For complex and large tasks it makes sense to write more 'proper' code, separating data processing and analysis steps into separate methods or files, but most of the time this is overkill, and it makes it harder to do interactive data exploration and plotting.
I currently use an IDE called
Spyder which is recommended by other scientific Python users. It has a feature called 'Run selection or current block' which is supposed to replicate this, but it is buggy and breaks if you use loops. I've been looking for another IDE that might have this feature and come up empty and don't have time to try a bunch. Any suggestions?
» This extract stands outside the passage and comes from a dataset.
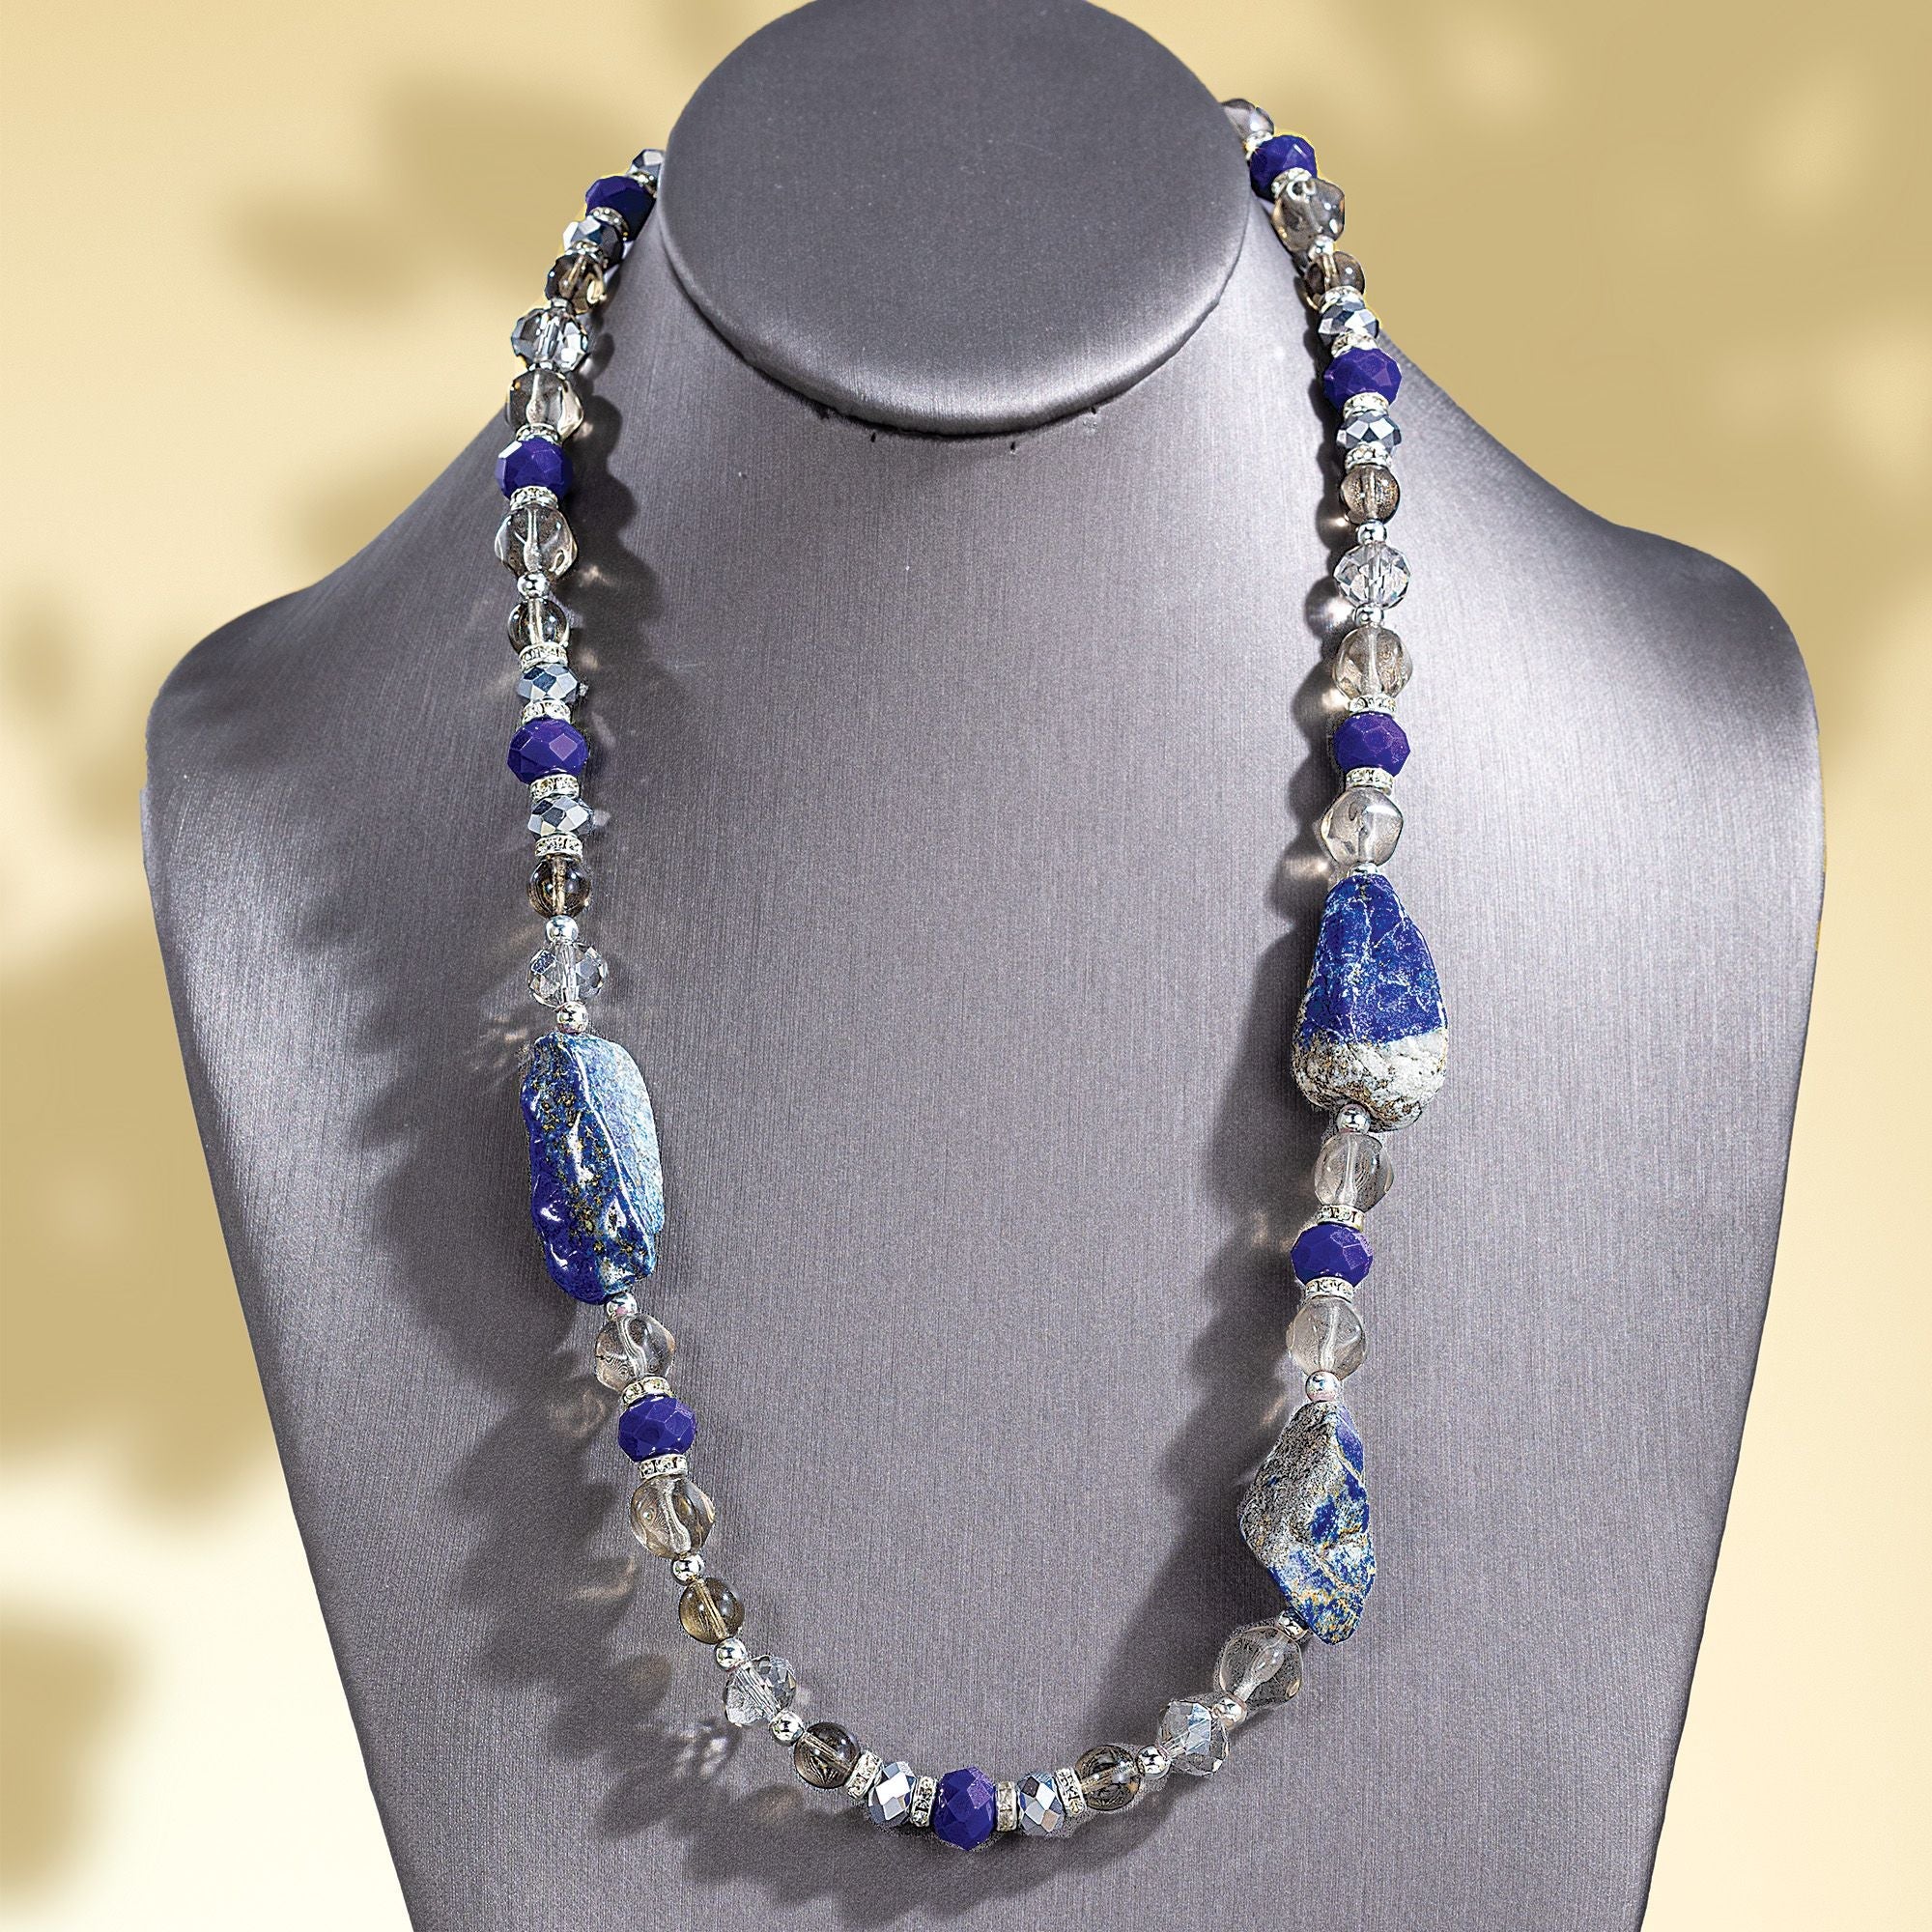 Vibrant Magnetism Murano Glass And Lapis Necklace

Alternatively I have been trying to get into a more traditional programming workflow, separating my code into functions and using breakpoints and debuggers when I need to do interactive plotting and printing. I get frustrated by scoping -- variables within functions are local, of course, but I often want to be able to print and plot them as I'm writing the code so I can tweak things, and the only way I can get access to them is to stop execution within that method, but I find breakpoints and debuggers clunky. Maybe I just need to get better at this. I often can't get things to work the way I want, I use a lot of global variables, I find I want to interactively access local variables from other methods that I thought I wouldn't need to, and in general I am wasting time and headspace on this problem when I want to be focusing on my data. What are the best practices here?
posted by Blazecock Pileon at 2:10 PM on January 15